I had heard that Mac, IPads and IPhones did not need anti virus even though these days some of the products seem to say that they cover them.
The issues aren't the same with the Mac as compared to iPads and iPhones.
The iPhone (and later the iPad) started from sort of a fresh* system architecture in the mid 2000s. At that point it was very clear that allowing apps free rein over the operating system and hardware was a bad idea.
The Mac operating system however started much earlier. First as NeXTSTEP back in 1989 and later merged with parts of the original Mac operating system around 2000.
So the Mac operating system initially allowed apps much more access to each other, lower levels of the operating system and the hardware than iPhone/iPad allow.
Most experienced Mac users I know do not bother with third party anti-virus/security software, the reasons being:
- there have never been many viruses/malicious software for the Mac (probably due to its ~10% market share)
- Apple have similar built in protections to Defender
- Apple have made better steps at stopping users from accidentally running apps they've downloaded from random places
- the Mac OS has always been more simple and just done less than Windows (providing a smaller attack surface)
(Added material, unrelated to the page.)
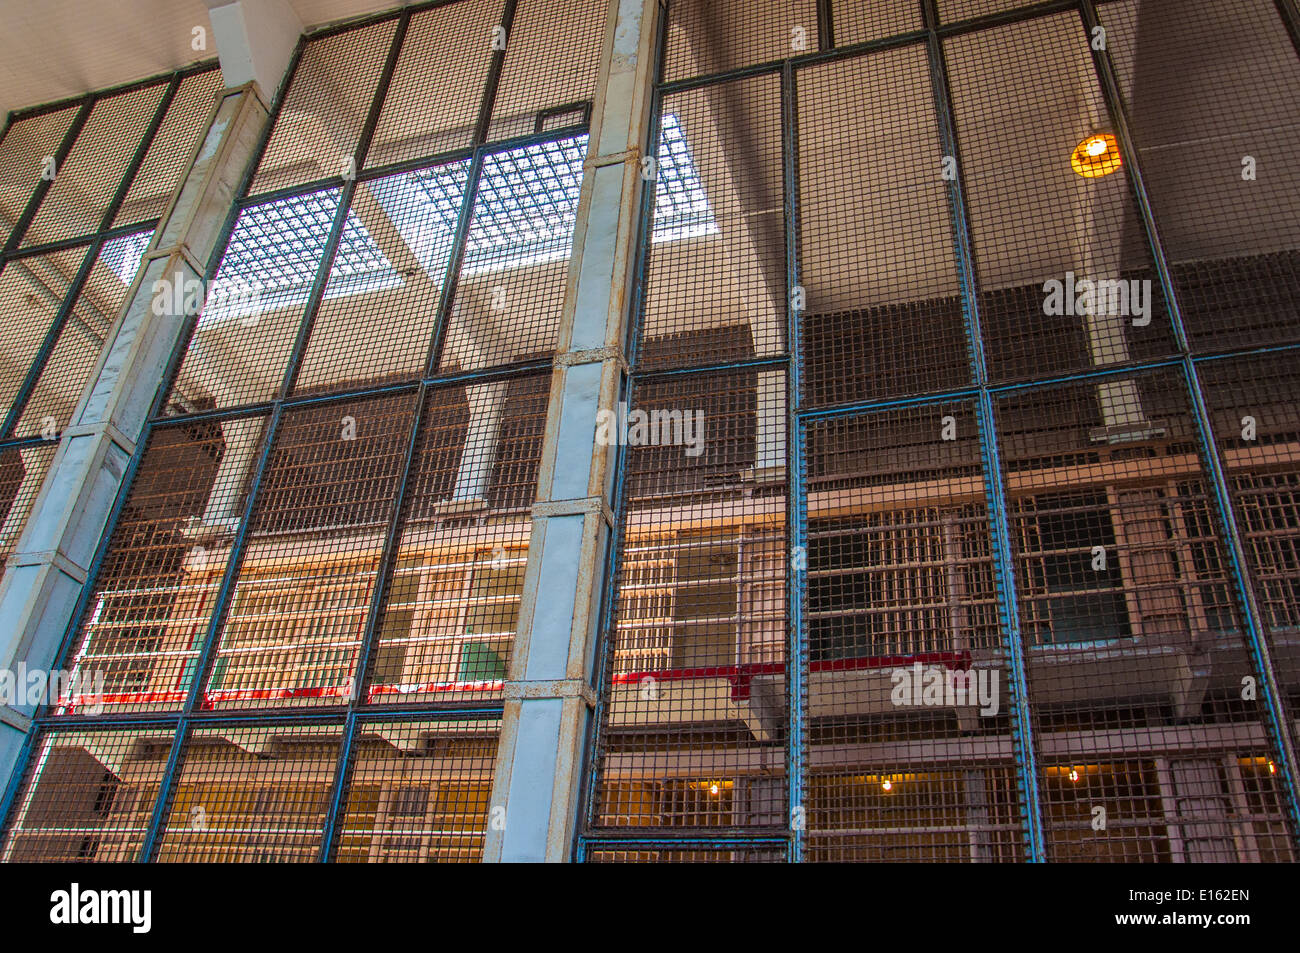 Cellgroup vistos a través de una valla de seguridad en la prisión de alcatraz Foto de stock

- Apple are much quicker to drop support for old technologies/software (lots of Windows vulnerabilities are
in old code that on the Mac would likely have been abandoned years ago)
- Apple have been taking big steps to make the OS and hardware even more secure.
Things Apple have done on the security side in recent years that Windows has been unable to achieve:
- moved all the system software on to a readonly part of the hard drive (preventing malicious code from changing it)
- moved most cryptographic functions to a separately secured processor (so the operating system doesn't even have access to critical security keys)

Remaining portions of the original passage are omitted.